From 0b366c361d3733177ad5f524a2b0839331dd0975 Mon Sep 17 00:00:00 2001
From: Simon Willison <swillison@gmail.com>
Date: Sat, 9 Sep 2023 12:44:20 -0700
Subject: [PATCH 1/2] Support for hf tokenizers, refs #8

---
 ttok/cli.py | 42 ++++++++++++++++++++++++++++++++++++++----
 1 file changed, 38 insertions(+), 4 deletions(-)

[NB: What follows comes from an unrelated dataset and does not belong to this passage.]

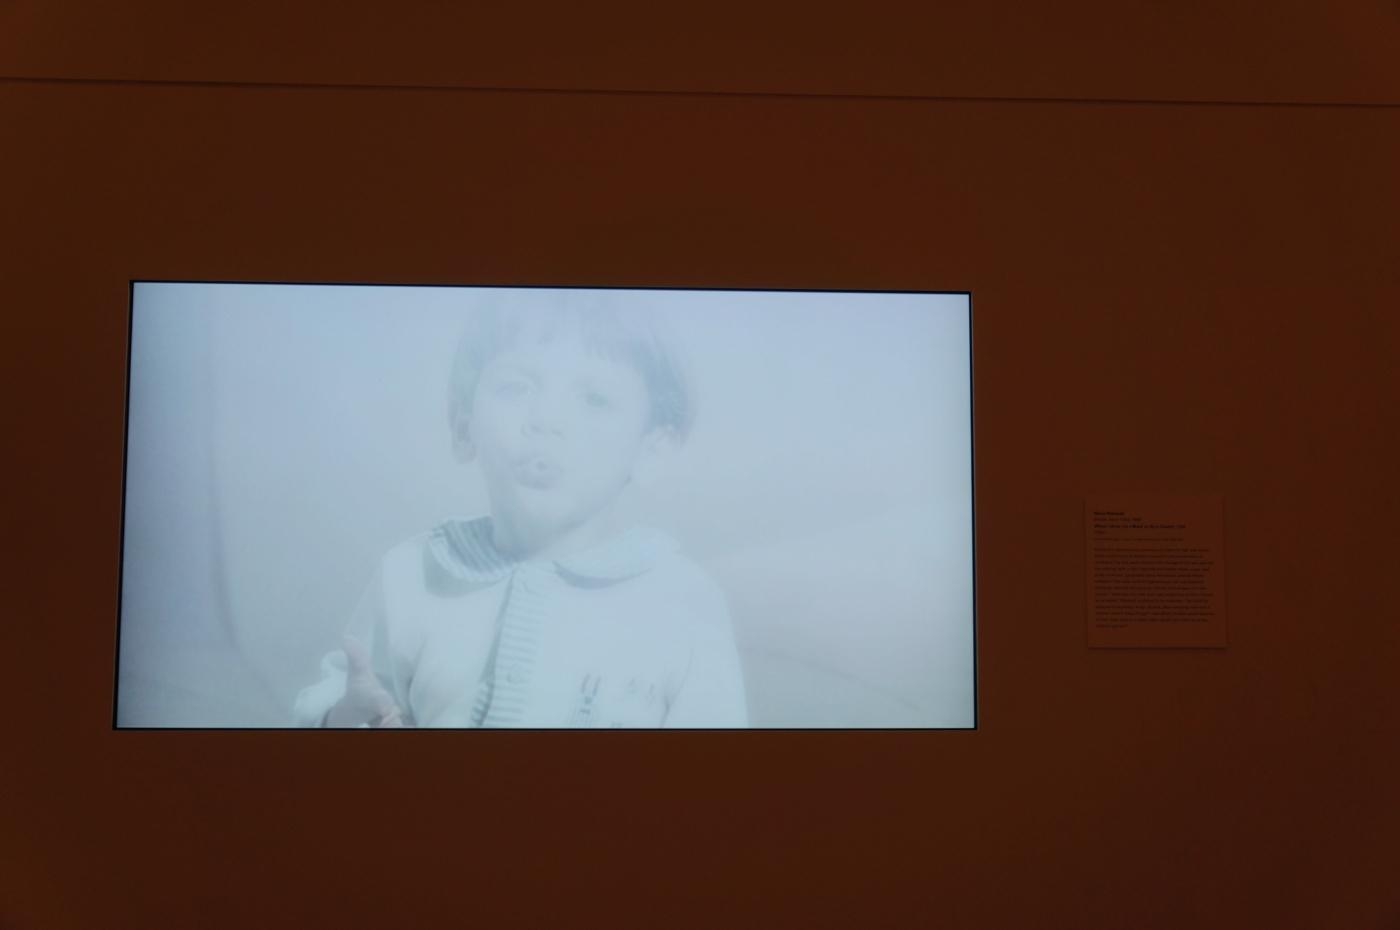 [jiejoy]大都会博物馆---吸烟的小孩_图1-5

diff --git a/ttok/cli.py b/ttok/cli.py
index 693843e..3da981c 100644
--- a/ttok/cli.py
+++ b/ttok/cli.py
@@ -59,10 +59,7 @@ def cli(prompt, input, truncate, model, encode_tokens, decode_tokens, as_tokens)
         raise click.ClickException("Cannot use --decode with --encode")
     if as_tokens and not decode_tokens and not encode_tokens:
         encode_tokens = True
-    try:
-        encoding = tiktoken.encoding_for_model(model)
-    except KeyError as e:
-        raise click.ClickException(f"Invalid model: {model}") from e
+
     if not prompt and input is None:
         input = sys.stdin
     text = " ".join(prompt)
@@ -73,6 +70,43 @@ def cli(prompt, input, truncate, model, encode_tokens, decode_tokens, as_tokens)
         else:
             text = input_text
 
+    if model.startswith("hf:"):
+        # We use Hugging Face tokenizers instead
+        try:
+            import tokenizers
+        except ImportError:
+            raise click.ClickException("Hugging Face tokenizers is not installed")
+
+        hf_tokenizer = tokenizers.Tokenizer.from_pretrained(model[3:])
+        if decode_tokens:
+            tokens = [int(token) for token in re.findall(r"\d+", text)]
+            if as_tokens:
+                click.echo(hf_tokenizer.decode(tokens))
+            else:
+                click.echo(hf_tokenizer.decode(tokens))
+            return
+        else:
+            tokens = hf_tokenizer.encode(text).ids
+            if truncate:
+                tokens = tokens[:truncate]
+
+            if encode_tokens:
+                if as_tokens:
+                    click.echo(hf_tokenizer.decode(tokens))
+                else:
+                    click.echo(" ".join(str(t) for t in tokens))
+            elif truncate:
+                click.echo(hf_tokenizer.decode(tokens), nl=False)
+            else:
+                click.echo(len(tokens))
+            return
+
+    # Use tiktoken for OpenAI tokenizers instead
+    try:
+        encoding = tiktoken.encoding_for_model(model)
+    except KeyError as e:
+        raise click.ClickException(f"Invalid model: {model}") from e
+
     if decode_tokens:
         tokens = [int(token) for token in re.findall(r"\d+", text)]
         if as_tokens:

From 552983f741acb1b046152f373187260333c6b386 Mon Sep 17 00:00:00 2001
From: Simon Willison <swillison@gmail.com>
Date: Thu, 2 May 2024 16:26:36 -0700
Subject: [PATCH 2/2] --allow-special option, closes #13

---
 README.md          |  1 +
 tests/test_ttok.py | 13 +++++++++++++
 ttok/cli.py        | 31 +++++++++++++++++++++++++++++--
 3 files changed, 43 insertions(+), 2 deletions(-)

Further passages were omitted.